For the sake of application demonstration and proving the point of how great webpack is, let’s publish the game on Github pages. This could be done in just a few steps:

  1. Install gh-pages package:
	npm i gh-pages --save

2. Add homepage property to the package.json:

​​"homepage": "http://${username}${repoName}",

3. Add deploy and predeploy scripts to the scripts section of package.json:

"predeploy": "npm run build",
"deploy": "gh-pages -d dist"

4. Deploy:

npm run deploy

In some minutes your application will be available by the homepage link. Otherwise double-check that all steps were executed correctly. The most common mistake is typos in the homepage link.

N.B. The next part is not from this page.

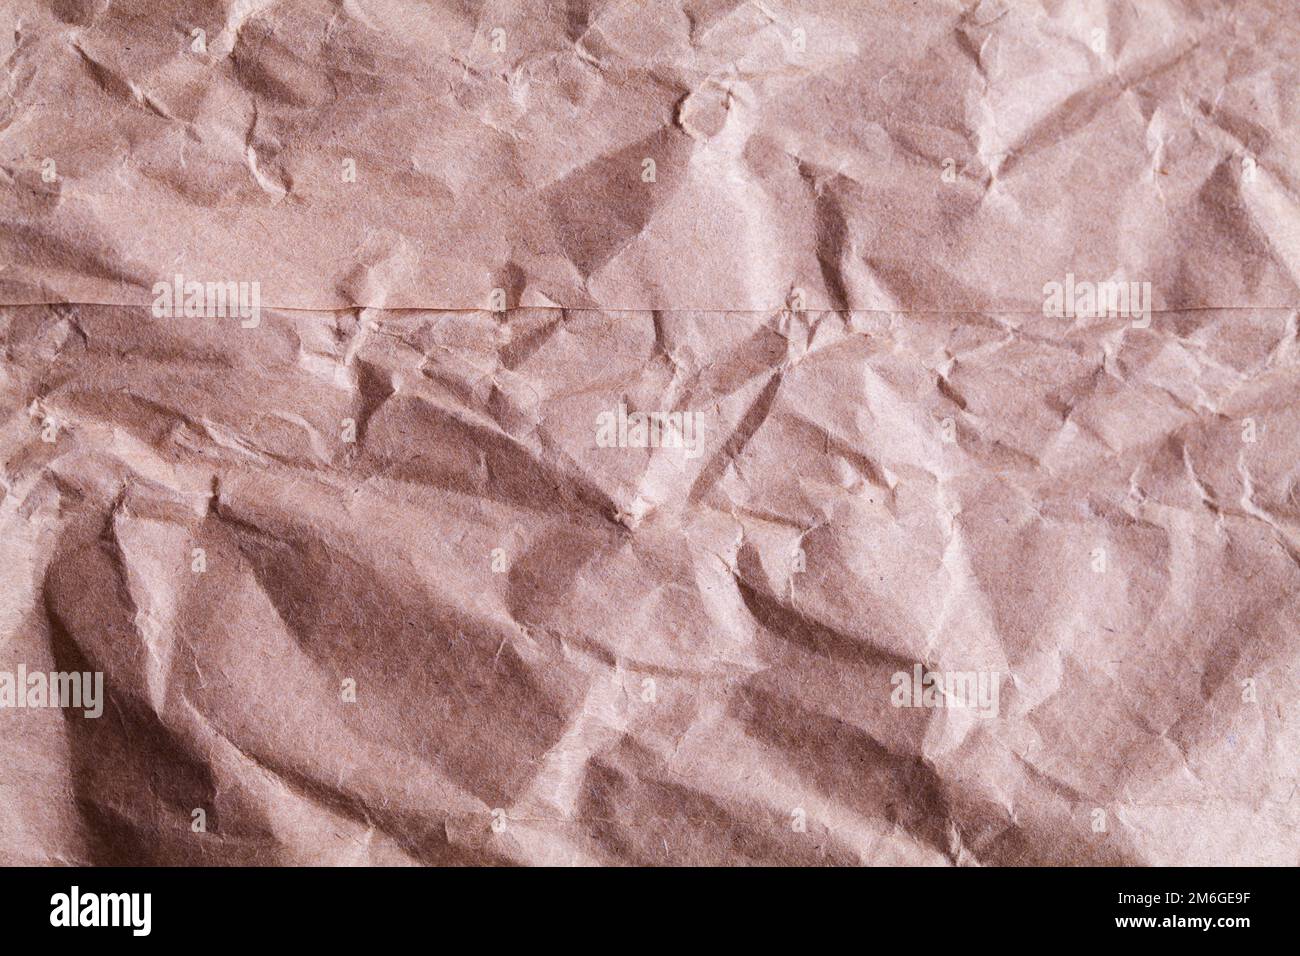 Brown Paper Bag Wrinkled Texture Close Up Background. Stock Photo

Feel free to visit and try yourself

Advanced controls

The mentioned technique is definitely an interesting way to make your application stand out among others. Obviously, to get the full power of the camera as an input, the user must have the possibility to do clicks and other interactions. There is no ready solution for that yet but you may be interested in my draft. This repository contains my project where I dynamically teach neural networks to recognize two gestures. This might be used as a starting point for making gesture-based browser events.


In my opinion, browser games have great potential, taking into account how much browser apps are pushing desktop away. Tricks like hand detection may bring some novelty into these applications applications, not to mention that this sort of game is easily convertible into mobile applications and could be run on other platforms, for example, Smart TV.

As a result of this post, we have a basic browser game that uses a camera as a controller and can be a good base for your future projects.